Trabalho enviado por: Raquel Cristina Simoes

Data: 28/07/2004

Aterro Sanitário


As causas das agressões ao meio ambiente são de ordem política, cultural e econômica. A sociedade civil ainda não prioriza, como deveria, por insensibilidade, a defesa do meio ambiente. Ao contrário das sociedades indígenas, cuja cultura respeitava a natureza, o homem moderno só começou a perceber a necessidade de combater a poluição quando os efeitos dela lhes caíram sobre a cabeça . Empresários com visão de curtos prazos, inescrupulosos e indiferentes aos danos ao meio ambiente, deixaram em segundo plano o controle ambiental.

A destinação correta dos lixos domésticos é uma incógnita, porque depende de muitos fatores a serem considerados na decisão. Nos próprios países adiantados, por exemplo, há aterros sanitários para orgânicos (Pittsburgh), onde nem se cogita do aproveitamento dos gases gerados (são queimados) ou de produzir adubos (compostagem), dando-se, todavia, extremo cuidado à proteção do solo e ao tratamento do chorume (caldo orgânico gerado na decomposição) que é altamente poluidor dos corpos hídricos.

Os chamados aterros sanitários controlados têm os seus projetos prevendo suas localizações observados os mananciais hídricos subterrâneos e superficiais em posições favoráveis; o solo da base devidamente compactado e impermeabilizado pela própria argila ou com a utilização de mantas de polietileno; já se prevêem caminhos adequados para o chorume e as formas de tratá-los; já ficam previstas as tubulações verticais e perfuradas colocadas na massa do aterro para coleta dos gases que serão gerados, dando a eles destinações que podem ser a simples queima; já se prevêem as coberturas com terra a cada disposição do lixo e finalmente, já fica definido um gerenciamento dos posicionamentos das células, coordenado com as movimentações de caminhões e pás carregadeiras.


Aterro Controlado

É uma técnica de disposição de resíduos sólidos urbanos no solo, sem causar danos ou riscos à saúde pública e a sua segurança, minimizando os impactos ambientais. Este método utiliza princípios de engenharia para confinar os resíduos sólidos, cobrindo-os com uma camada de material inerte na conclusão de cada jornada de trabalho.
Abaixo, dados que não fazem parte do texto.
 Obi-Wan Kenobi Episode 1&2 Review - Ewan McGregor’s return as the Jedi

Esta forma de disposição produz, em geral, poluição localizada, pois similarmente ao aterro sanitário, a extensão da área de disposição é minimizada. Porém, geralmente não dispõe de impermeabilização de base (comprometendo a qualidade das águas subterrâneas), nem sistemas de tratamento de chorume ou de dispersão dos gases gerados. Este método é preferível ao lixão, mas, devido aos problemas ambientais que causa e aos seus custos de operação, a qualidade é inferior ao aterro sanitário.

Na fase de operação, realiza-se uma impermeabilização do local, de modo a minimizar riscos de poluição, e a proveniência dos resíduos é devidamente controlada. O biogás é extraído e as águas lixiviantes são tratadas. A deposição faz-se por células que uma vez preenchidas são devidamente seladas e tapadas. A cobertura dos resíduos faz-se diariamente. Uma vez esgotado o tempo de vida útil do aterro, este é selado, efetuando-se o recobrimento da massa de resíduos com uma camada de terras com 1,0 a 1,5 metro de espessura. Posteriormente, a área pode ser utilizada para ocupações "leves" (zonas verdes, campos de jogos, etc.).
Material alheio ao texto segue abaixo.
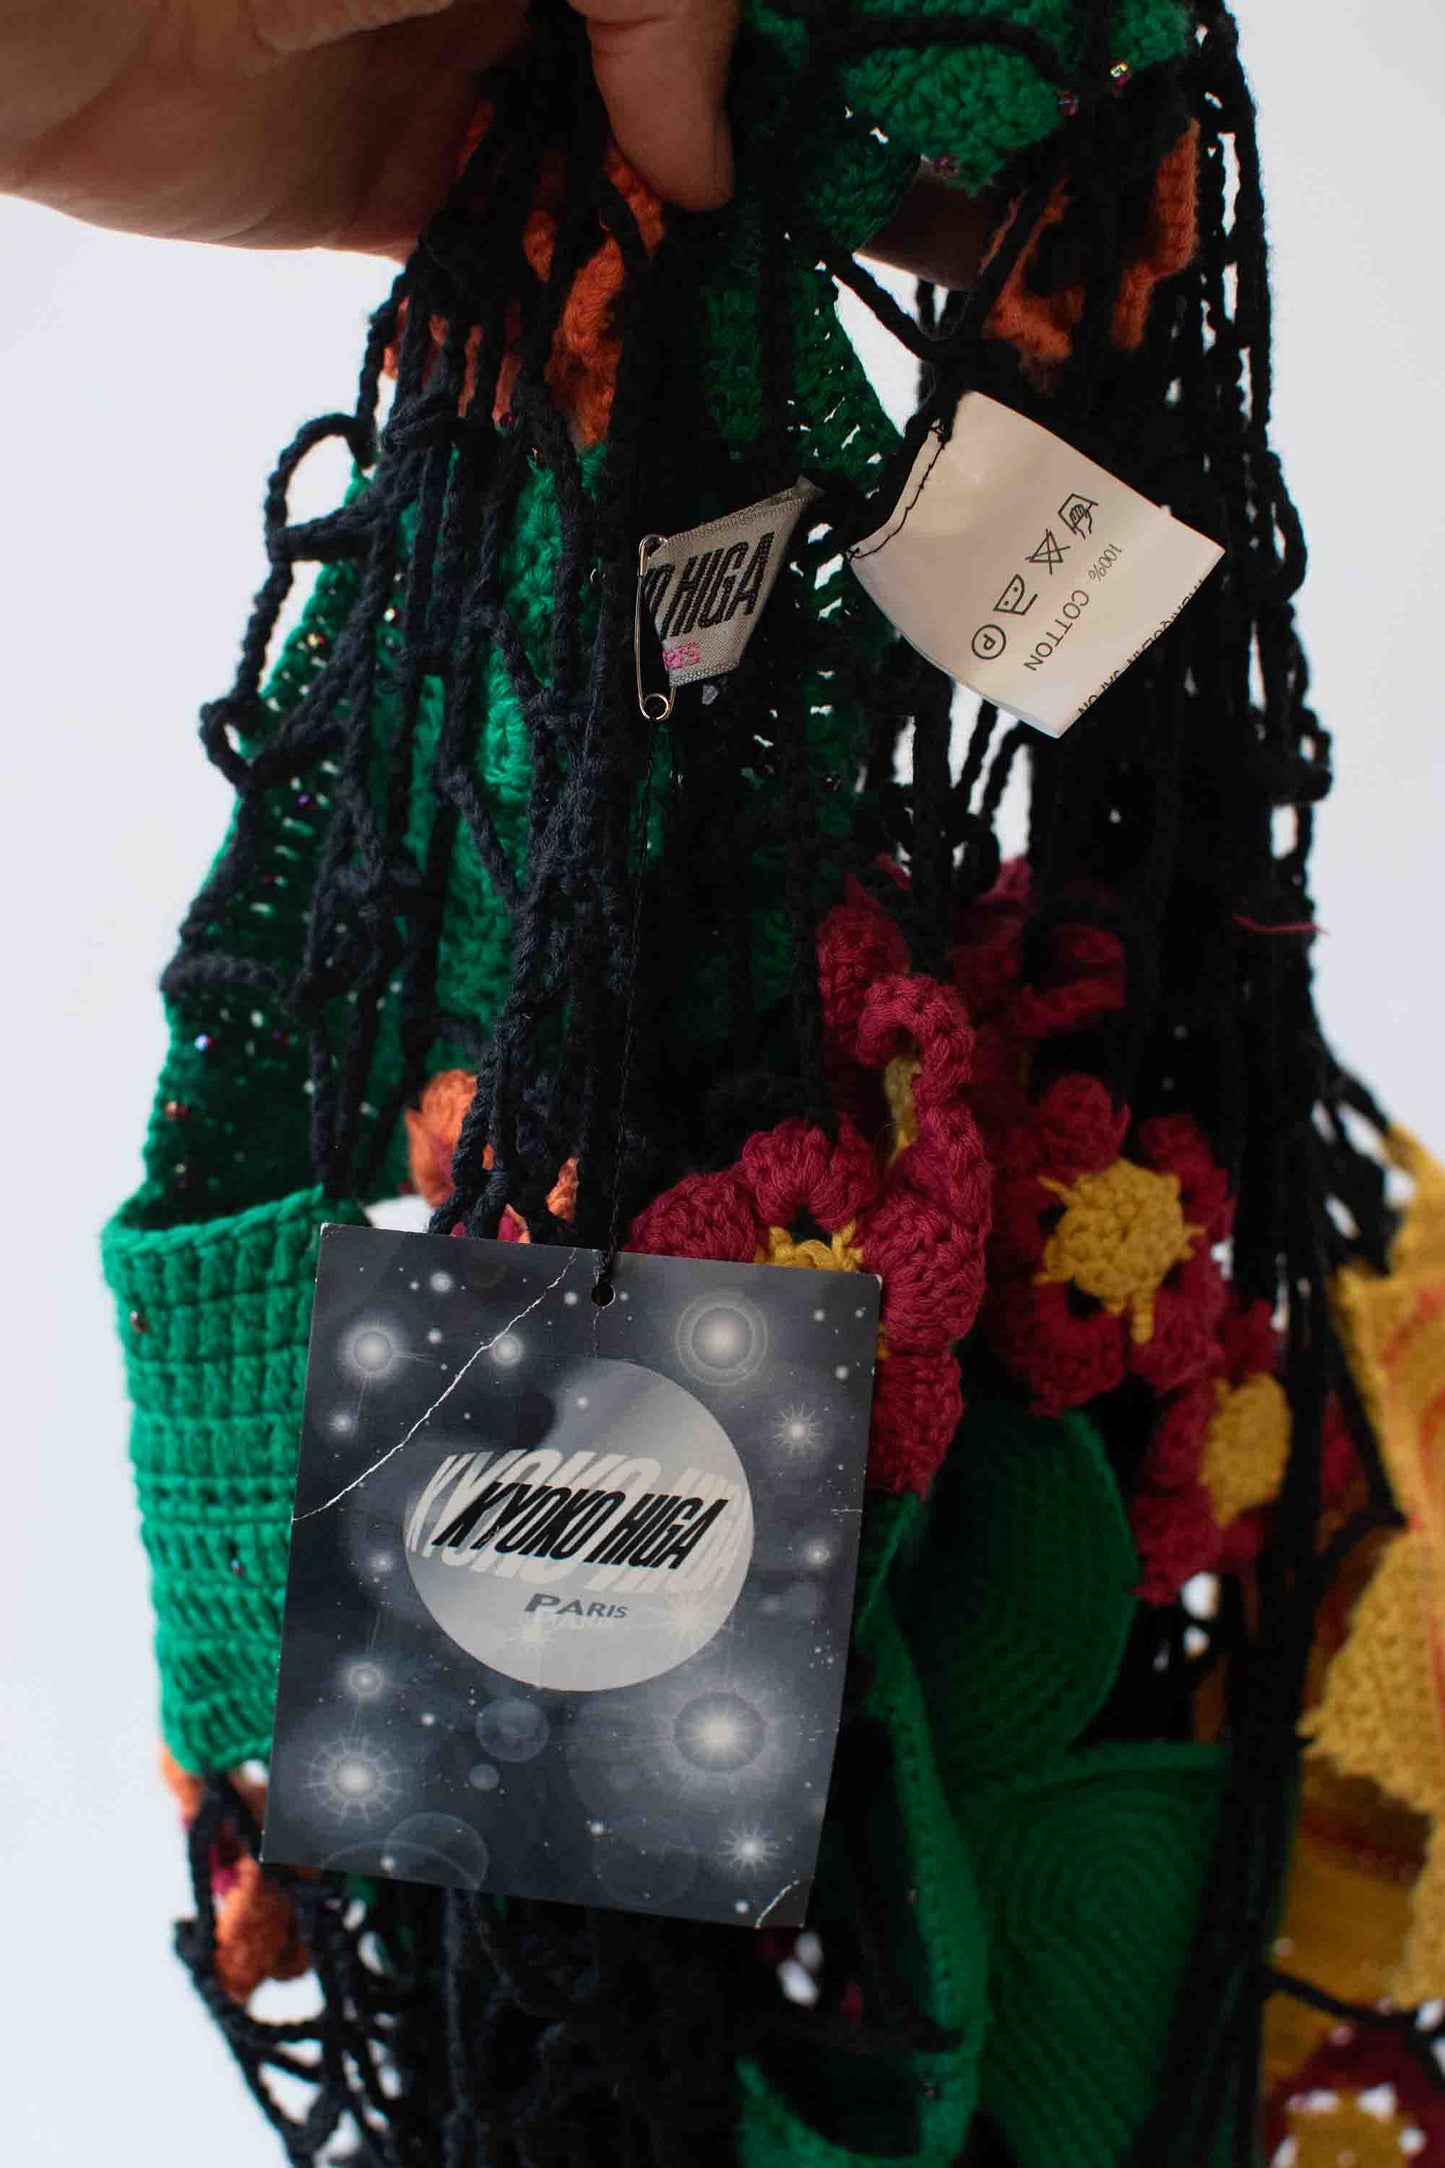 1990s - y2k Cactus Crochet Tunic |  Kyoko Higa

De acordo com a Pesquisa Nacional de Saneamento Básico - PNSB - 1989, realizada pelo Instituto Brasileira de Geografia e Estatística - IBGE - e editada em 1991, a disposição final de lixo nos municípios brasileiros assim se divide:

76% em lixões;

13% em aterros controlados e 10% em aterros sanitários;

1% passam por tratamento (compostagem, reciclagem e incineração).


Lixão

É um local onde há uma inadequada disposição final de resíduos sólidos, que se caracteriza pela simples descarga sobre o solo sem medidas de proteção ao meio ambiente ou à saúde pública. É o mesmo que descarga de resíduos a céu aberto sem levar em consideração:

  • a área em que está sendo feita a descarga;
  • o escoamento de líquidos formados, que percolados, podem contaminar as águas superficiais e subterrâneas;
  • a liberação de gases, principalmente o gás metano que é combustível;
  • o espalhamento de lixo, como papéis e plásticos, pela redondeza, por ação do vento;
  • a possibilidade de criação de animais como porcos, galinhas, etc. nas proximidades ou no local.

Os resíduos assim lançados acarretam problemas à saúde pública, como proliferação de vetores de doenças (moscas, mosquitos, baratas, ratos etc.), geração de maus odores e, principalmente, a poluição do solo e das águas superficiais e subterrâneas através do chorume (líquido de cor preta, mau cheiroso e de elevado potencial poluidor produzido pela decomposição da matéria orgânica contida no lixo), comprometendo os recursos hídricos.

Acrescenta-se a esta situação, o total descontrole quanto aos tipos de resíduos recebidos nesses locais, verificando-se, até mesmo, a disposição de dejetos originados dos serviços de saúde e das indústrias.

Comumente, os lixões são associados a fatos altamente indesejáveis, como a criação de porcos e a existência de catadores (que, muitas vezes, residem no próprio local).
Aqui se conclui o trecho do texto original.